Wanneer Domela den militairen dienst verlaten heeft, tracht hij overal werk te zoeken. Nergens vindt hij dit echter. Dit hoofdstuk is zóó overtuigend en eerlijk geschreven, dat we terstond van de waarheid van dit alles overtuigd zijn. We hebben trouwens niet de minste reden hieraan te twijfelen. Overtuigend ook de toon dien de politie terstond tegen hem aanslaat zoodra ze bemerkt, dat hij zonder middelen van bestaan is, overtuigend het hulpelooze karakter der philantropische inrichtingen, die immers overal slechts lapmiddelen zijn. Domela tracht dan als boerenknecht in zijn onderhoud te voorzien. Ook deze episode is belangrijk, eigenlijk een der belangrijkste uit het geheele werk. Nimmer heb ik geweten hoe slecht boerenknechts behandeld worden, hoe weinig verantwoordelijkheidsgevoel deze Oost-Pruisische heereboeren bezitten, hoe slecht zij hun personeel voeden en wat voor slechte slaapplaatsen ze hun durven aan te bieden. En dan verwondert men zich in Duitschland dat de vele werkeloozen uit de groote steden niet als boerenknecht naar het platteland willen komen, dan verwondert men zich ‘wenn die Arbeiter nicht aufs Land gehen wollen, die Schweine!’

2.

Wanneer de winter komt en op het land heelemaal niets meer te verdienen is, trekt Domela naar Berlijn. Ook hier vindt hij nergens werk. Hij wordt een van de duizenden die zonder onderdak in Berlijn rondzwerven, overdag in parken zitten, 's nachts eenige uren slapen in de wachtkamers van een der stations, tot ook deze gesloten worden, vaak de politie komt en hen arresteert. Wat weten de meesten onzer van zulk een bestaan? Hier leert Domela Wolf kennen, een paria als hij, in wiens gezelschap hij nu nachten lang rondzwerft. Men leze de karakteristiek van het Leger des Heils, zijn wederwaardigheden in het Tehuis voor Dakloozen, de behandeling van al deze menschen door de politie. Maandenlang lijdt Domela honger en gebrek, tot plotseling zijn ‘goede manieren’ hem verder helpen. Men leze dit alles in dit boek na; hoe bij het noemen van een ‘adellijken’ naam hem plotseling alle deuren geopend worden, deuren die voor Harry

[p. 142]

Domela nimmer zouden zijn geopend. Terstond gevoelt hij zich in deze rol thuis. Hij is immers een Balt en heeft als zoodanig van huis uit iets aristocratisch over zich. Hij heeft tevens goede oogen en goede ooren, bemerkt terstond de zwakke plekken van degenen die hij om den tuin tracht te leiden en profiteert er van. Later, in zijn boek, zal hij ons van dit alles een nauwkeurig, gedetailleerd verslag geven: over het asyl voor dakloozen evengoed als over de studentensocieteit der Saxo-Borussen, over de cel zijner gevangenis evengoed als over de villa's der officieren van de Rijksweer. Uitvoerig en belangwekkend vooral is de schildering van zijn bezoek bij de Saxo-Borussen.

3.

Harry Domela heeft als ‘Prins Wilhelm von Preussen’ een tijdlang te midden der Saxo-Borussen verkeerd. Men heeft van dit studentencorps gehoord: het beroemde Duitsche studentencorps, waarin slechts de hooge adel, de meest feodale elementen dus, worden opgenomen. Wij dienen Harry Domela dankbaar te zijn voor de beschrijving, die hij ons van deze elementen gaf.

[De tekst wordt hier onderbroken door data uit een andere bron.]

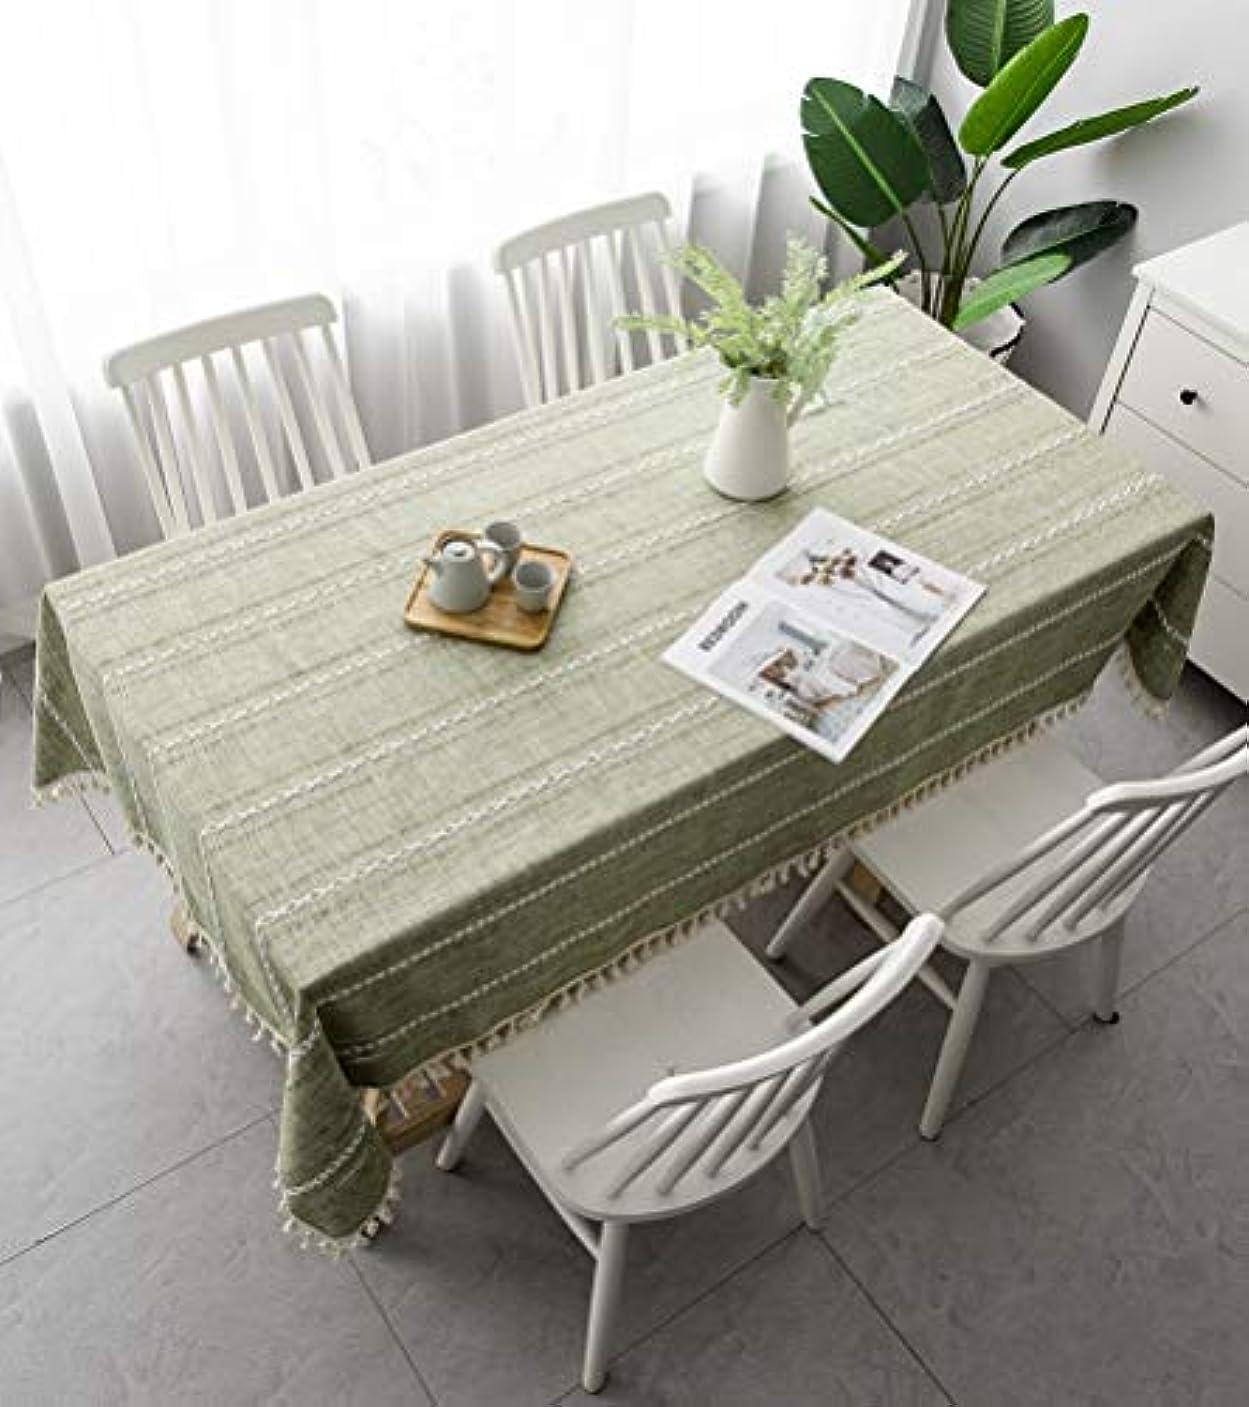 神の姪ベアリングサークルテーブルクロス260分の240/280センチメートル綿と麻長方形のテーブルクロスファミリーキッチンレストラン休日のディナーパーティーの装飾,140x280

Deze beschrijving moèt met de waarheid overeenkomen. Zelfs een auteur als Heinrich Mann, die ‘der Untertan’ schreef, zou dit alles niet kunnen fantaseeren. Toen Heinrich Mann zijn beroemd boek geschreven had, hoorde men in Duitschland steeds van conservatieve zijde verkondigen: ‘Heinrich Mann heeft schromelijk overdreven, deze toestanden zijn heel anders. Mann schreef een parodie - zóó erg is dit alles niet.’ Neen, inderdaad, zóó erg was het niet. Het is honderdmaal erger. Domela heeft het ons getoond.

Het is onmogelijk de bijzonderheden, die Domela aangaande deze ‘studenten’ mededeelt, te verzinnen. Harry Domela is geen Sinclair Lewis - geen auteur van groote gaven. Dit alles moèt dus waar zijn. Men leze bij hem de wijze, waarop deze heeren met elkander drinken, hun tafelmanieren en het niveau van hunne gesprekken. Men verwondert zich over het gebrek aan humor en dezen overvloed van tactlooze laagheden, over het gemis aan esprit en een teveel aan grofheid.

Wanneer we er dan aan denken, dat uit dit ‘studentencorps’ - uit dit zoodje ordinaire zatlappen en laag-bijde-grondsche feodale bierdrinkers de leiders der Duitsche republiek gerecruteerd worden - dan houdt men werkelijk zijn hart vast.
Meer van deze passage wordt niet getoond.